1252 Celestia

Discovery
- Discovered by: F. L. Whipple
- Discovery site: Oak Ridge Obs.
- Discovery date: 19 February 1933

Designations
- Named after: Celestia Whipple (discoverer's mother)
- Alternative designations: 1933 DG · 1934 PA_{1}
- Minor planet category: main-belt · (middle) Pallas · background

Orbital characteristics
- Epoch 27 April 2019 (JD 2458600.5)
- Uncertainty parameter 0
- Observation arc: 85.57 yr (31,254 d)
- Aphelion: 3.2535 AU
- Perihelion: 2.1350 AU
- Semi-major axis: 2.6943 AU
- Eccentricity: 0.2076
- Orbital period (sidereal): 4.42 yr (1,615 d)
- Mean anomaly: 137.14°
- Mean motion: 0° 13^{m} 22.44^{s} / day
- Inclination: 33.839°
- Longitude of ascending node: 140.91°
- Argument of perihelion: 63.589°

Physical characteristics
- Mean diameter: 17.39±1.6 km 19.037±0.304 km 20.36±0.69 km 21.542±0.155 km 21.56±0.95 km
- Synodic rotation period: 10.636 h
- Geometric albedo: 0.167 0.1714 0.193 0.215 0.2573
- Spectral type: Tholen = S SMASS = S B–V = 0.890 U–B = 0.425
- Absolute magnitude (H): 10.89

= 1252 Celestia =

Main-belt asteroid

1252 Celestia, provisional designation , is a stony asteroid located in the central asteroid belt. It was discovered on 19 February 1933, by astronomer Fred Whipple at the Oak Ridge Observatory operated by the Harvard-Smithsonian Center for Astrophysics in Massachusetts, United States. The S-type asteroid has a rotation period of 10.6 hours and measures approximately 20 km in diameter. It was named after the discoverer's mother, Celestia MacFarland Whipple.
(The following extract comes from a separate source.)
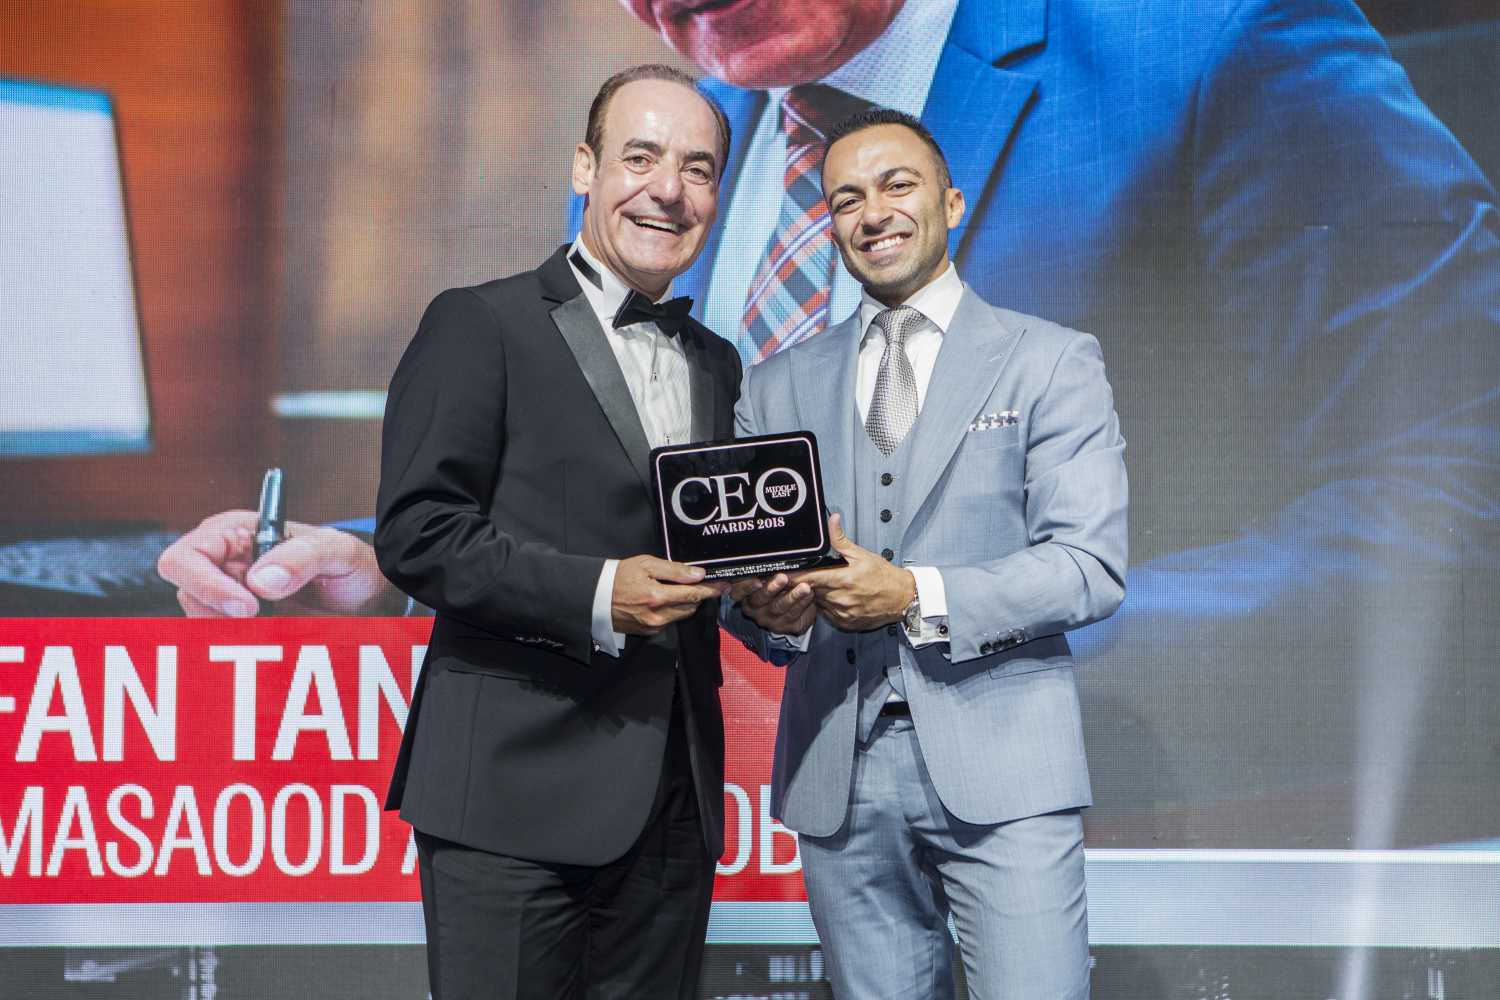 Al Masaood Automobiles’ CEO Irfan Tansel wins ‘CEO of the Year - Automotive Category’ at 2018 CEO Middle East Awards

== Orbit and classification ==

According to a synthetic HCM-analysis by Nesvorný, Celestia is a member of the Pallas family (801), a small asteroid family of less than 200 known members with inclined orbits. The family is named after 2 Pallas. However, in a HCM-analysis by Milani and Knežević, Celestia belongs to the background population.

The asteroid orbits the Sun in the central main-belt at a distance of 2.1–3.3 AU once every 4 years and 5 months (1,615 days; semi-major axis of 2.69 AU). Its orbit has an eccentricity of 0.21 and an inclination of 34° with respect to the ecliptic. The body's observation arc begins at the Yerkes Observatory in April 1933, or two months after its official discovery observation at Oak Ridge.

== Naming ==

This minor planet was named after the mother of the discoverer, Celestia MacFarland Whipple. The official was mentioned in The Names of the Minor Planets by Paul Herget in 1955 (H 115).

== Physical characteristics ==

In the Tholen and SMASS classification, Celestia is a common stony S-type asteroid, while in SMASS-like taxonomy of the Small Solar System Objects Spectroscopic Survey (S3OS2), it is a Sl-subtype that transitions from the S-type to the L-type asteroids. Celestias stony spectral type does not agree with those determined for the members of the Pallas family, which are typically "bright" carbonaceous B-type asteroids.

=== Rotation period ===

In February and March 1995, a rotational lightcurve of Celestia was obtained from photometric observations at the Paul Feder Observatory by Walter Worman of Moorhead State University. Lightcurve analysis gave a rotation period of 10.636 hours with a brightness amplitude of 0.26 magnitude (U=3). An alternative period determination by René Roy of 12 hours was based on a fragmentary lightcurve and received a poor rating (U=1).

=== Diameter and albedo ===

According to the surveys carried out by the Infrared Astronomical Satellite IRAS, the Japanese Akari satellite and the NEOWISE mission of NASA's Wide-field Infrared Survey Explorer, Celestia measures between 17.39 and 21.56 kilometers in diameter and its surface has an albedo between 0.167 and 0.2573. The Collaborative Asteroid Lightcurve Link adopts the results obtained by IRAS, that is, an albedo of 0.2573 and a diameter of 17.39 kilometers based on an absolute magnitude of 10.89.